• _Assignment_
Return the data word for word. Pictures are to be omitted.

• _Available data_
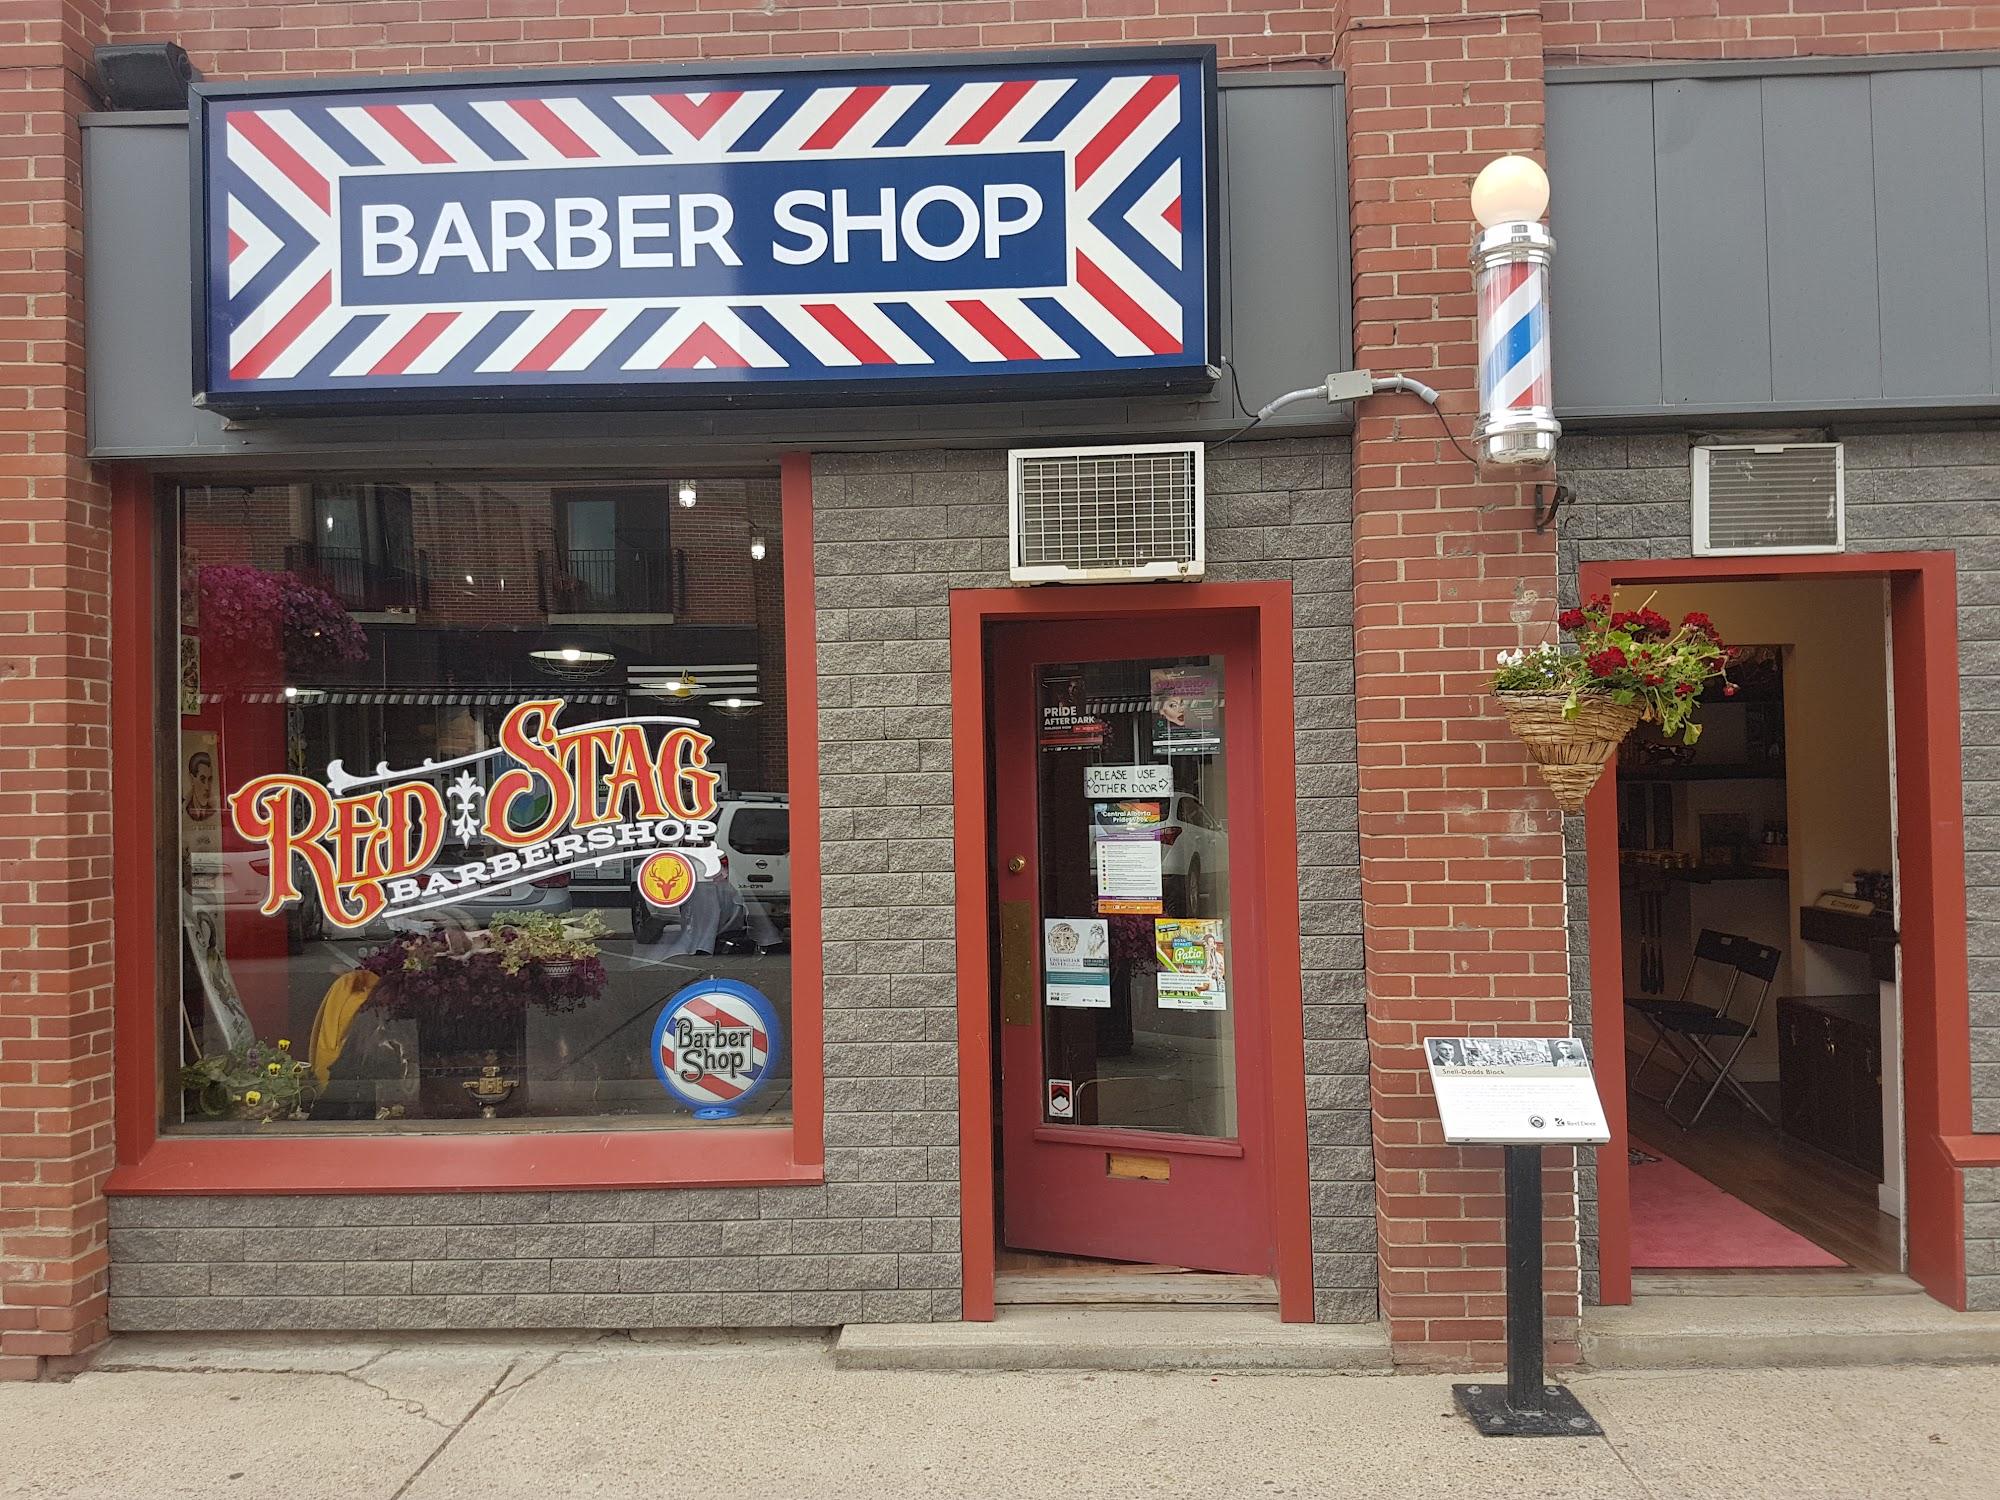 Red Stag Barbershop 4918 50 Ave, Red Deer
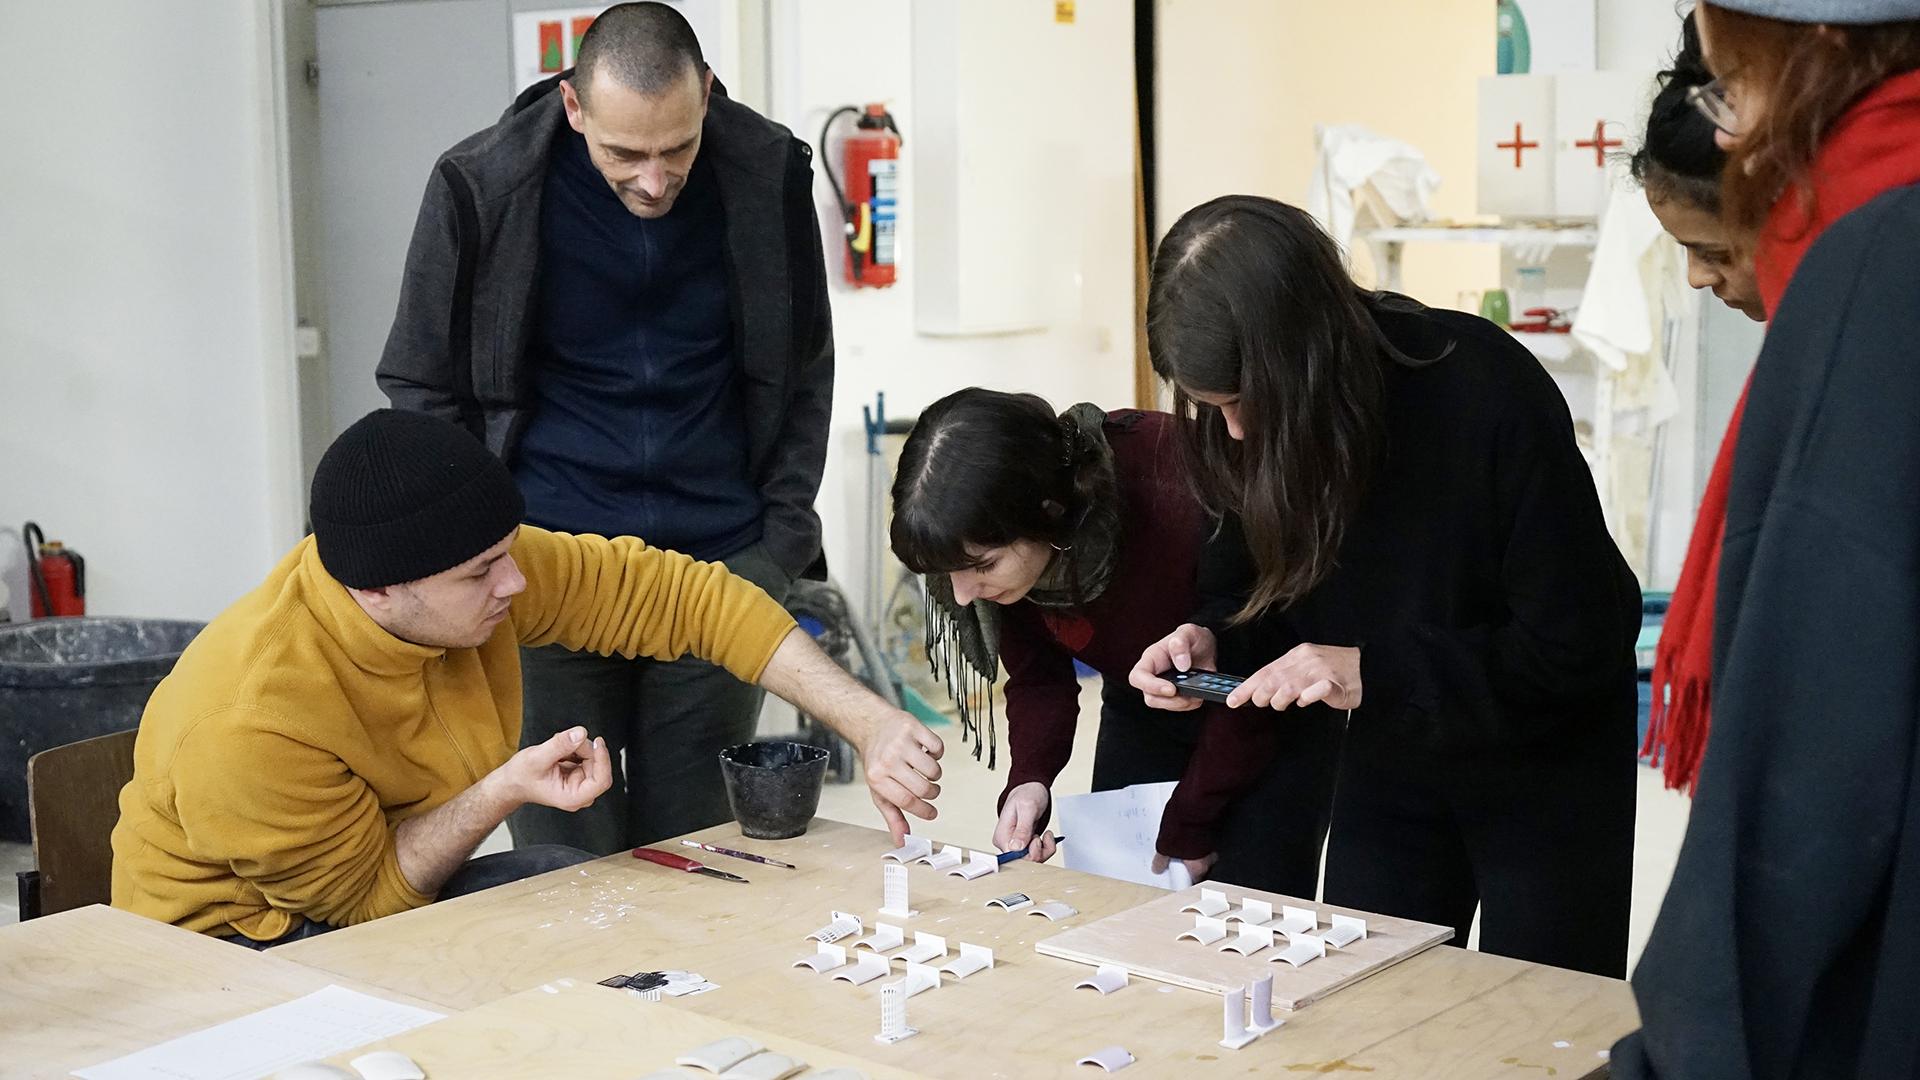 Seminarteilnehmer bei der Begutachtung der Glasurtests in der Keramikwerkstatt der Kunsthochschule Kassel
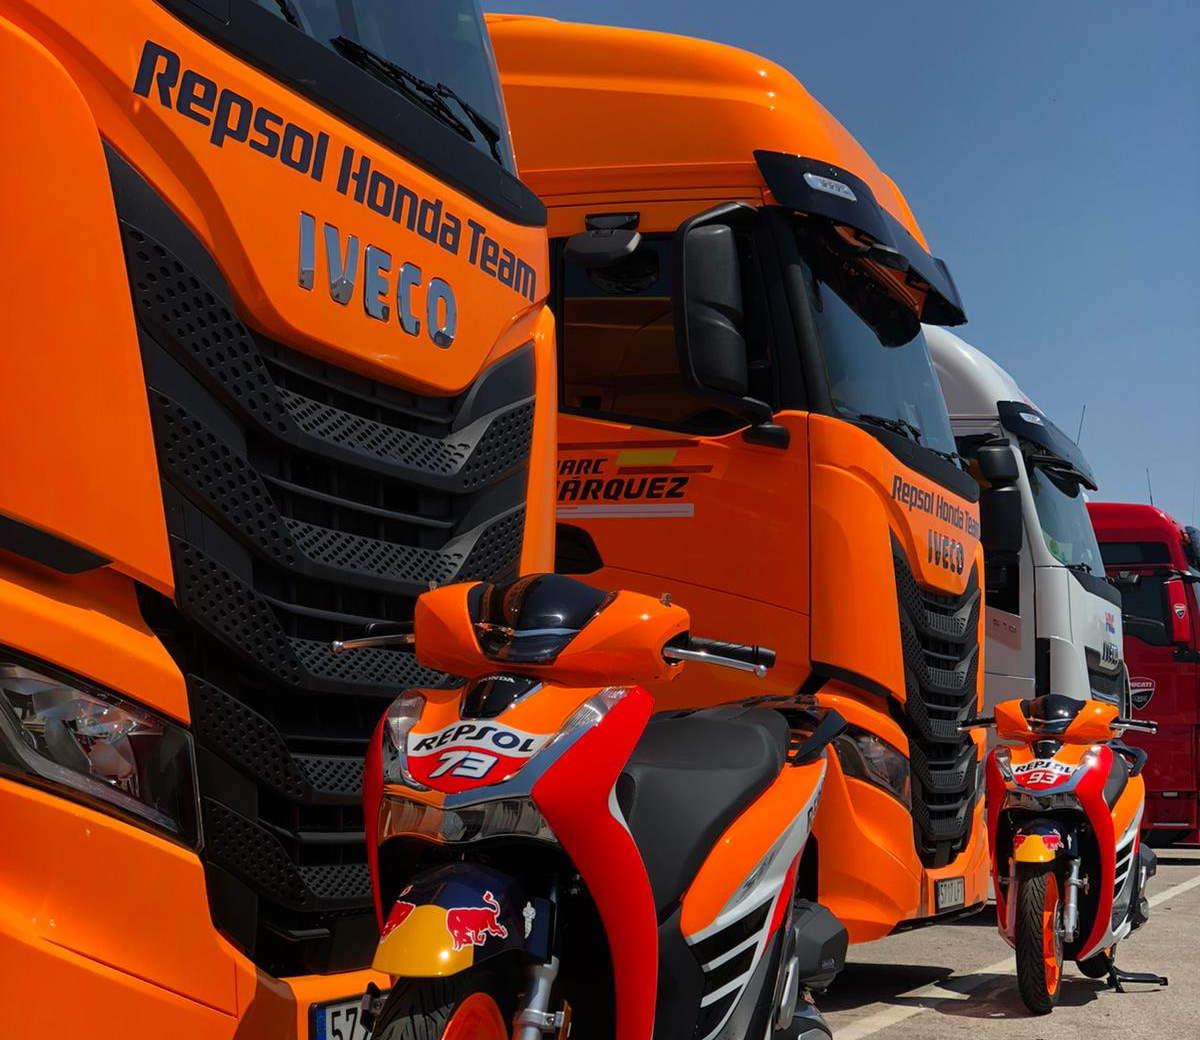 Mercoledì una giornata di test per la MotoGP in vista del debutto per il GP di Spagna

• _The completed task_
 Red Stag Barbershop 4918 50 Ave, Red Deer
 Seminarteilnehmer bei der Begutachtung der Glasurtests in der Keramikwerkstatt der Kunsthochschule Kassel
 Mercoledì una giornata di test per la MotoGP in vista del debutto per il GP di Spagna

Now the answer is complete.